Нейровоспалительное состояние центральной нервной системы (ЦНС) играет ключевую роль в физиологических и патологических состояниях. Микроглия, резидентиммунные клетки в головном мозге, а иногда и проникновение макрофагов из костного мозга (BMDMs), регулируют воспалительный профиль их микроокружения в ЦНС. В настоящее время принято, что внеклеточные везикулы (EV) популяций из иммунных клеток выступают в качестве иммунных посредников. Таким образом, их сбор и изоляция имеют важное значение для определения их содержания, но и для оценки их биологического воздействия на клетки-реципиента. В настоящее время данные подчеркивают хронологические требования к изоляции EV от клеток микроглии или макрофагов крови, включая ультрацентрифугацию и хроматографию размеров (SEC). Нецелевой протеомный анализ позволил валидации белковых подписей в качестве маркеров EV и охарактеризовал биологически активное содержание EV. Микроглии полученных EVs были также функционально использованы на первичной культуре нейронов, чтобы оценить их важность в качестве иммунных посредников в неврит роста. Результаты показали, что микроглии полученных EVs способствовать облегчению неврита рост в пробирке. Параллельно, кровь макрофагов полученных EVs были функционально использованы в качестве иммунных посредников в сфероидных культур клеток глиомы C6, результаты, показывающие, что эти ЭВ контролировать вторжение глиомы клеток в пробирке. В настоящем докладе подчеркивается возможность оценки функций иммунных клеток, опосредованных ЕВ, а также понимания молекулярных основ такой связи.

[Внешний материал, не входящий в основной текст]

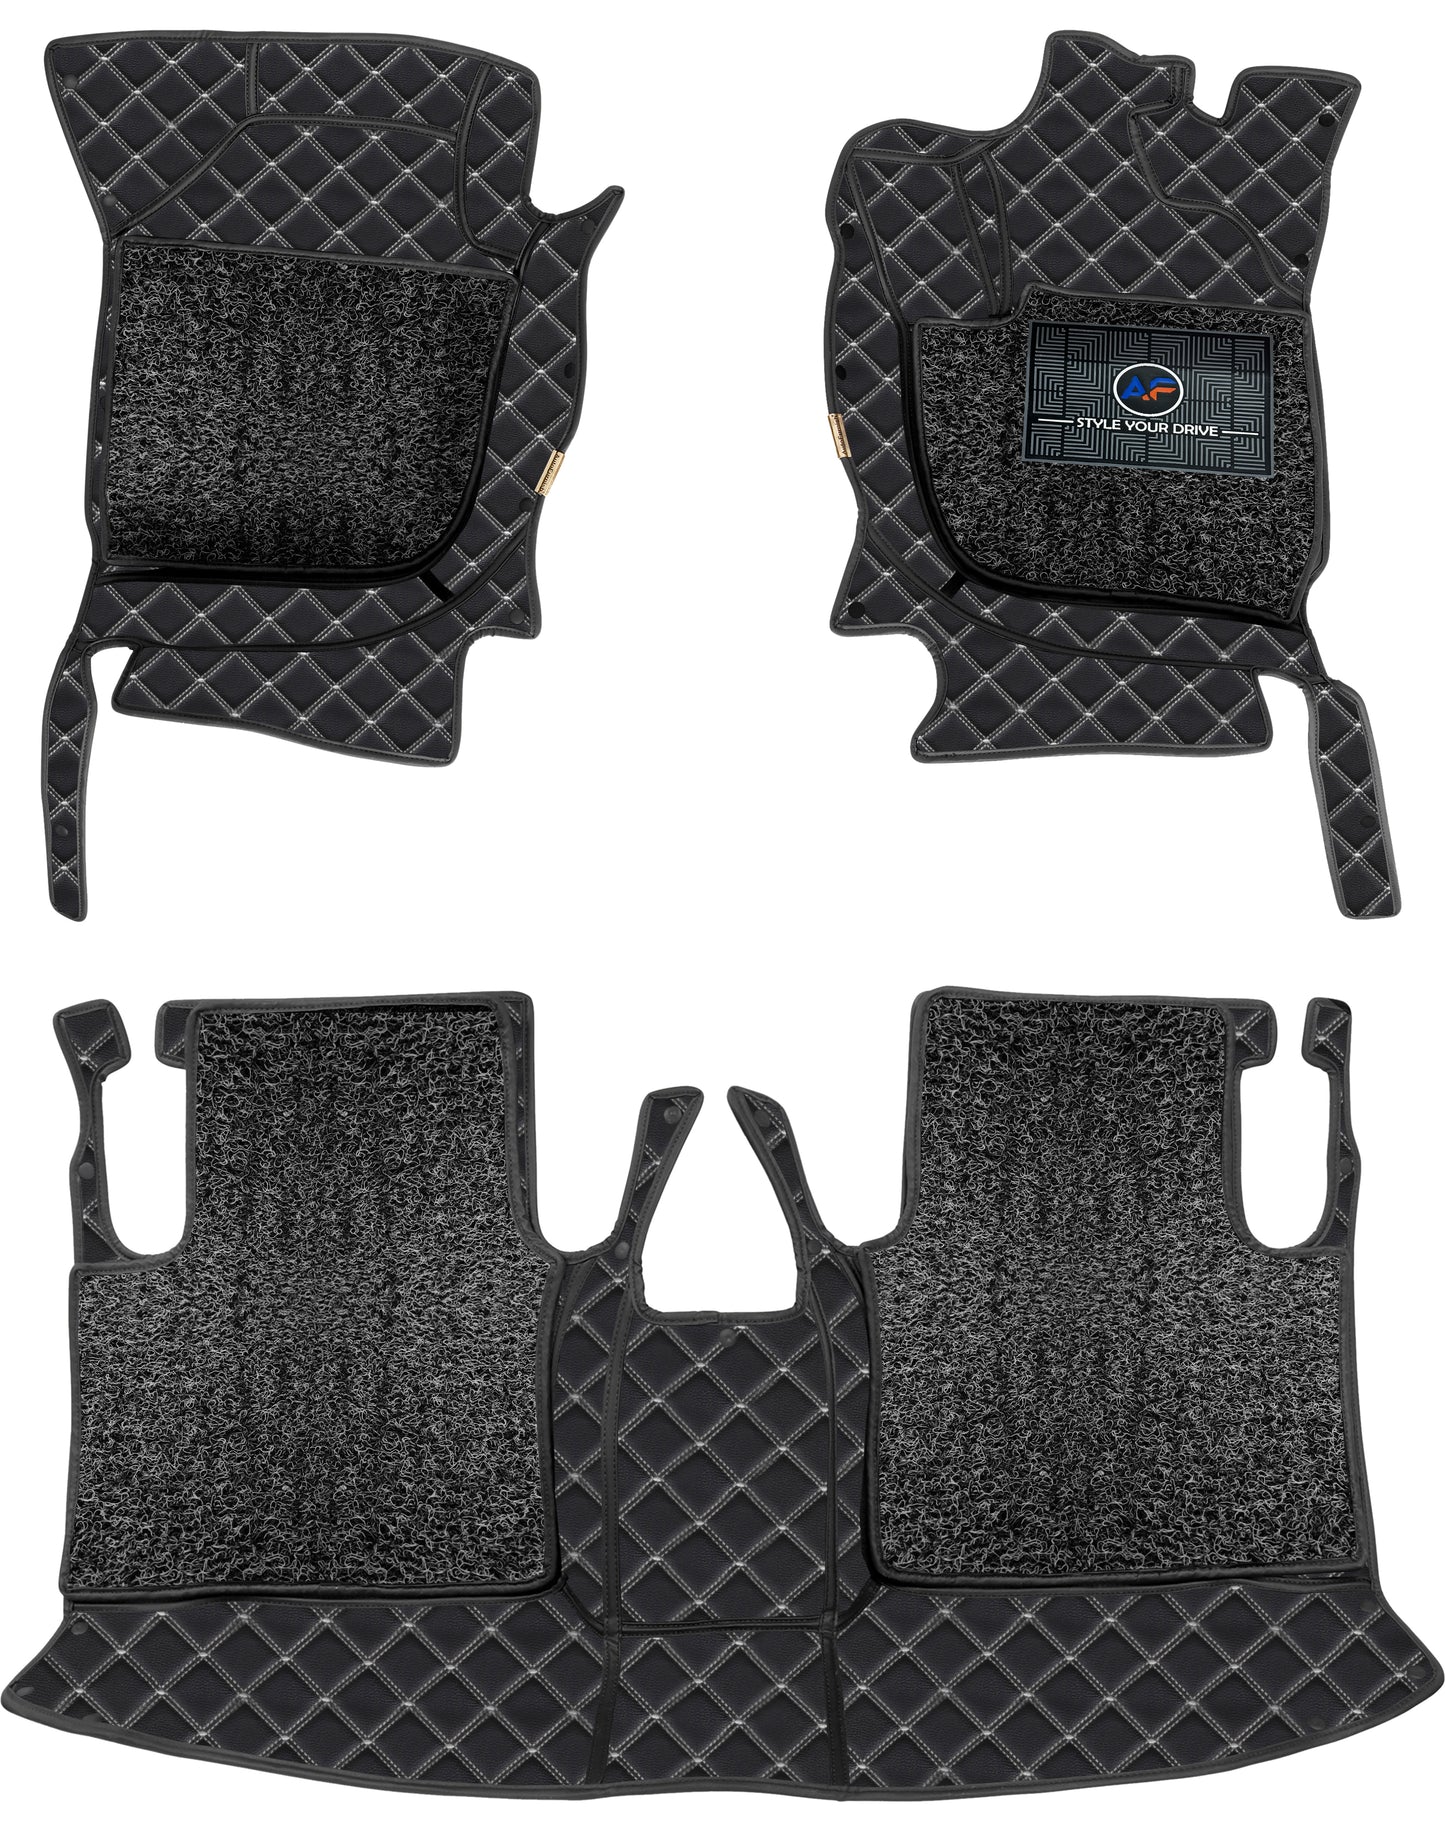 Mahindra Scorpio Classic 2023-7D Luxury Car Mat, All Weather Proof, Anti-Skid, 100% Waterproof & Odorless with Unique Diamond Fish Design (24mm Luxury PU Leather, 2 Rows)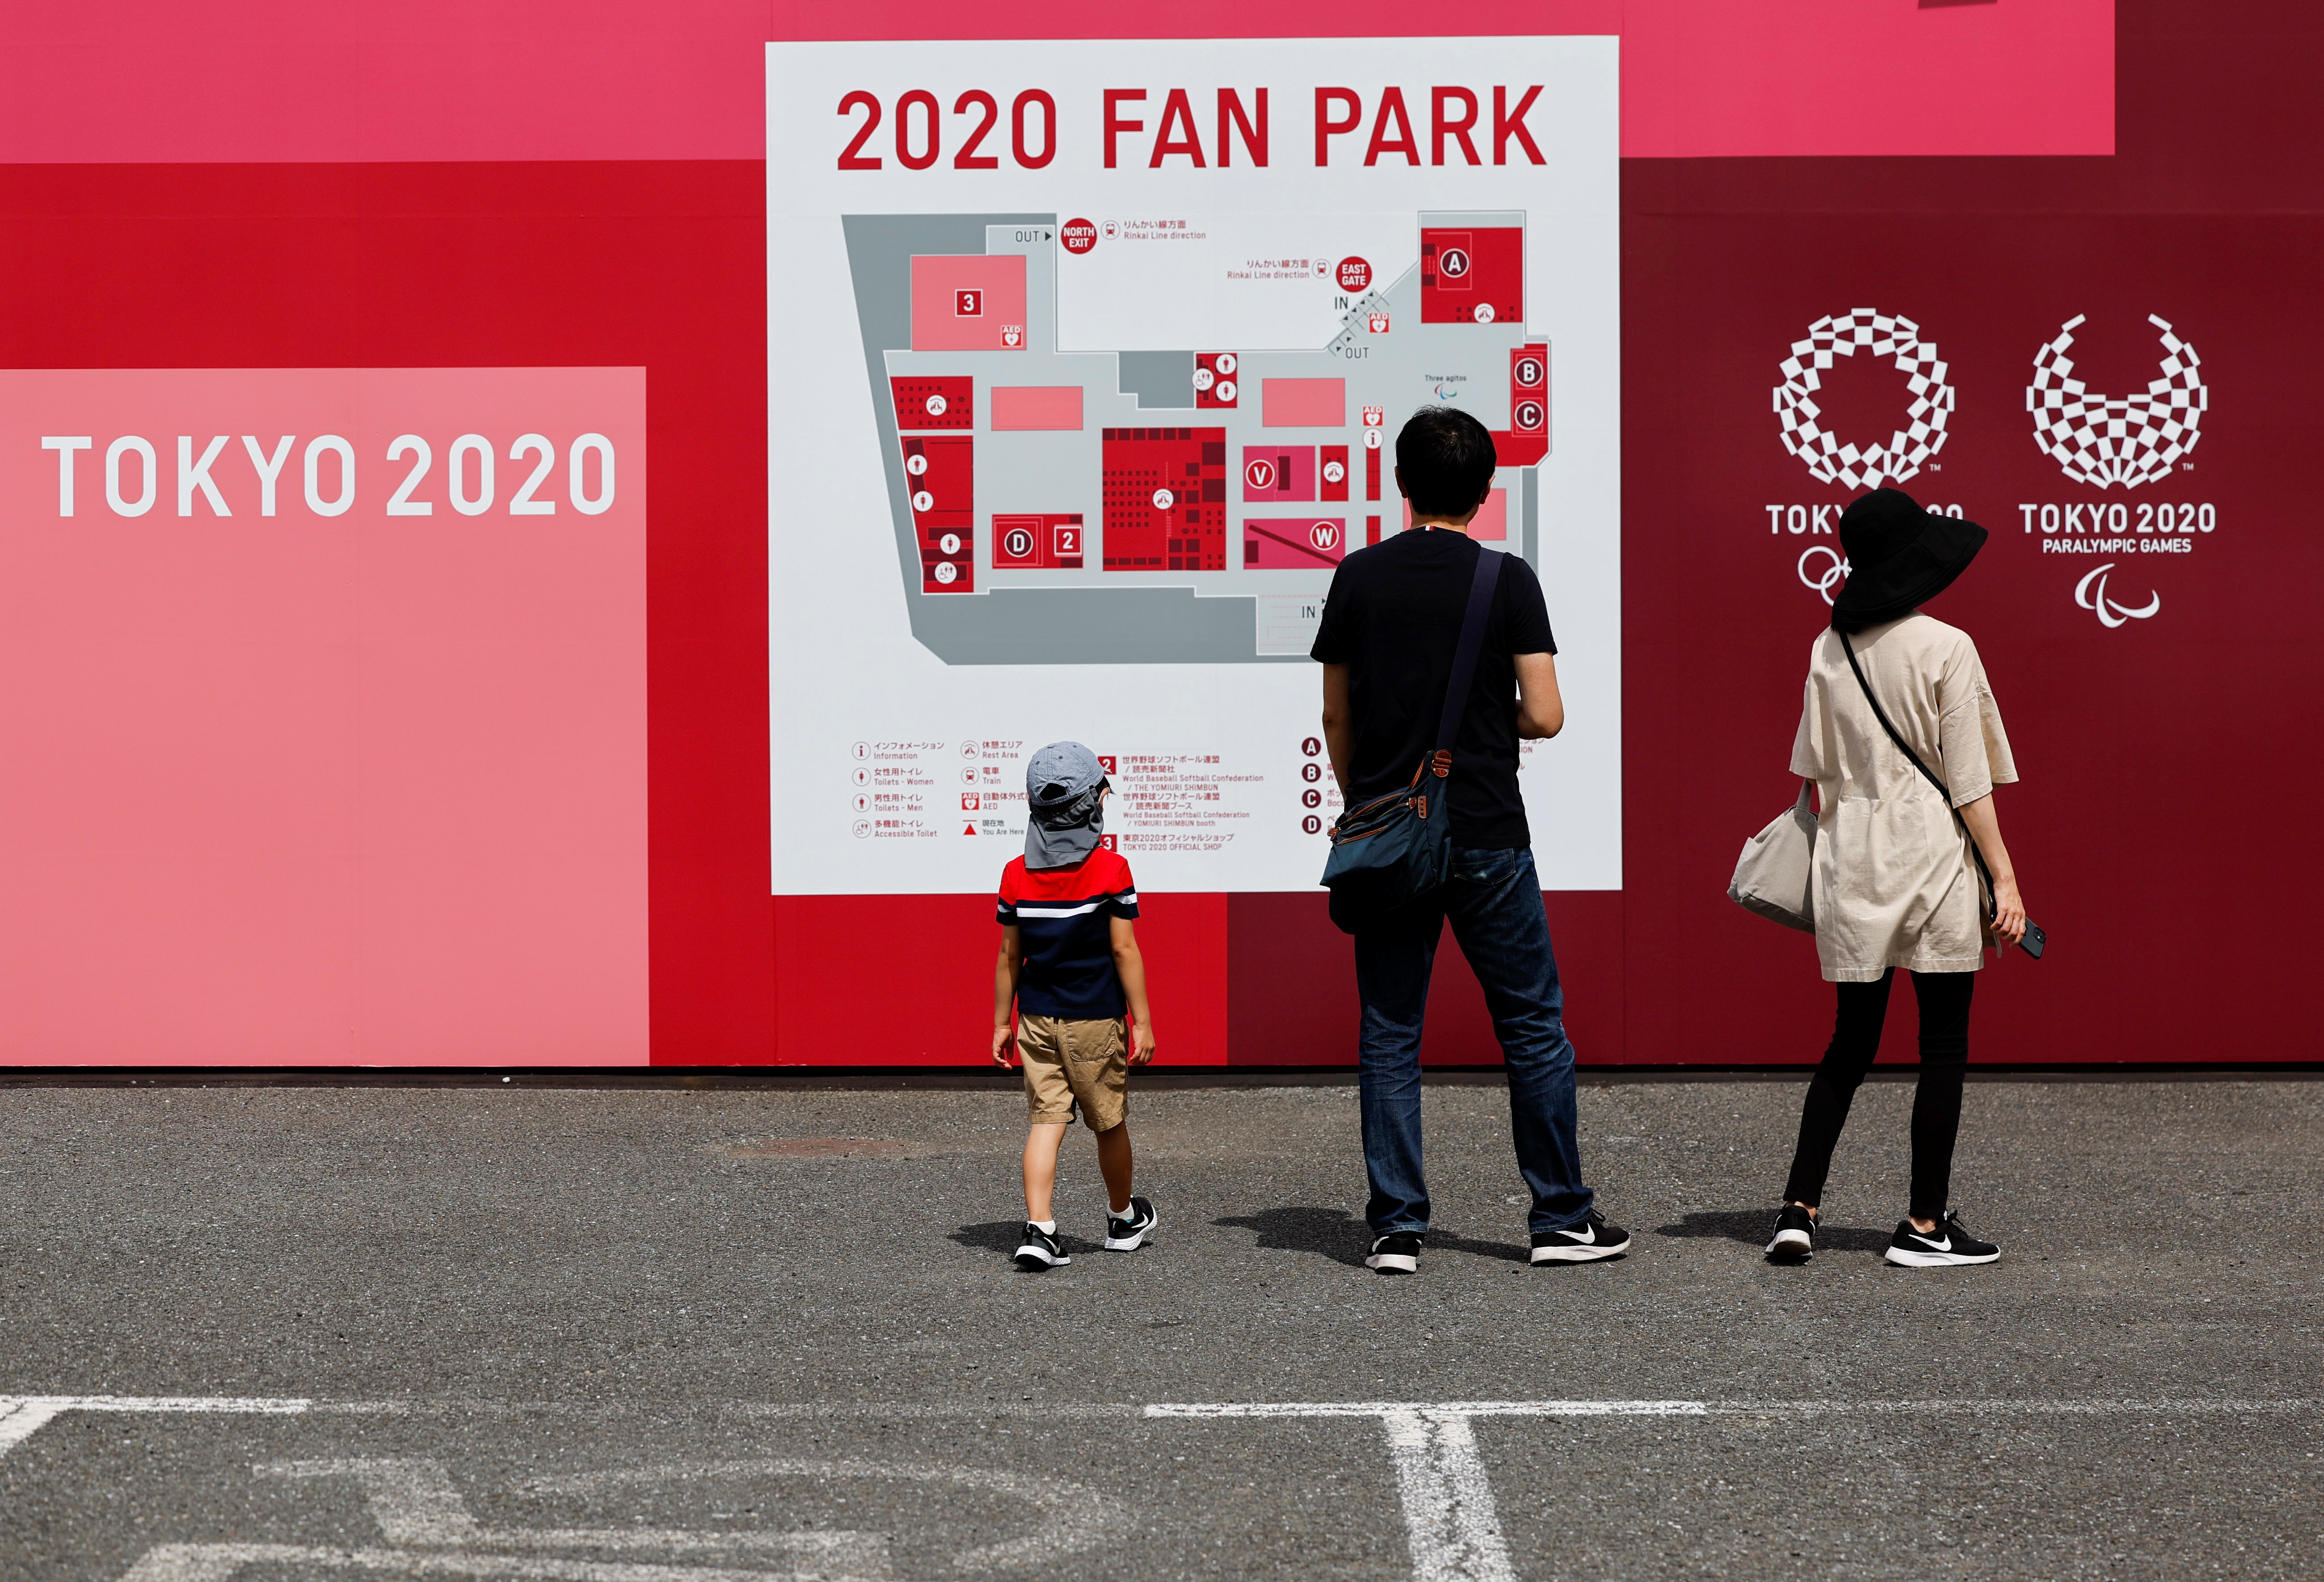 Visitors are seen at 2020 Fan Park, amid the coronavirus disease (COVID-19) pandemic, in Tokyo

Это расшифровка может способствовать использованию природных пузырьков и/или экстракорпорного приготовления терапевтических пузырьков для имитации иммунных свойств в микроокружении патологий ЦНС.

Introduction

Многие нейропатологии связаны с нейровоспалительным состоянием, которое является сложным механизмом, который все чаще рассматривается, но все еще плохо понимается, потому что иммунные процессы разнообразны и зависят от клеточной среды. Действительно, расстройства ЦНС систематически не связаны с теми же сигналами активации и популяциями иммунных клеток, и, таким образом, про- или противовоспалительные реакции трудно оценить как причины или последствия патологий. Мозг резидентов макрофаги называется “микроглии”, как представляется, на стыке нервной и иммуннойсистемы 1. Микроглия имеют миелоидное происхождение и являются производными от желток мешок во время примитивных hematopoiesis колонизировать мозг, в то время как периферийные макрофаги являются производными от печени плода во время окончательного hematopoiesis стать периферийных макрофагов2. Клетки микроглии общаются с нейронами и нейронами, полученными глиальными клетками, такими как астроциты и олигодендроциты3. Несколько недавних исследований показали, что микроглии участвуют в нейронной пластичности во время развития ЦНС и взрослых тканей гомеостаза, а также в воспалительном состоянии, связанном с нейродегенеративными заболеваниями4,5. В противном случае, целостность гематоэнцефалического барьера может быть нарушена в других патологиях ЦНС. Иммунные реакции, особенно при мультиформе рака глиобластомы, не поддерживаются только клетками микроглии, так как гематоэнцефалический барьер реорганизуется через ангиогенные процессы и наличие лимфатических сосудов6,,7. Таким образом, большой костного мозга полученных макрофагов (BMDMs) инфильтрация происходит в опухоли головного мозга через опухолевых механизмов ангиогенеза8. Раковые клетки оказывают значительное влияние на проникнутые БМДМ, что приводит к иммуносупрессивным свойствам и росту опухоли9. Таким образом, связь между иммунными клетками и их микроокружения мозга трудно понять, как происхождение клеток и активации сигналы разнообразны10,11. Таким образом, интересно задержать функции иммунных клеток, связанных молекулярных подписей в физиологических условиях. В связи с этим, клеточная связь между иммунными клетками и микроокружением клеток может быть изучена путем высвобождения внеклеточных пузырьков (ЭВ).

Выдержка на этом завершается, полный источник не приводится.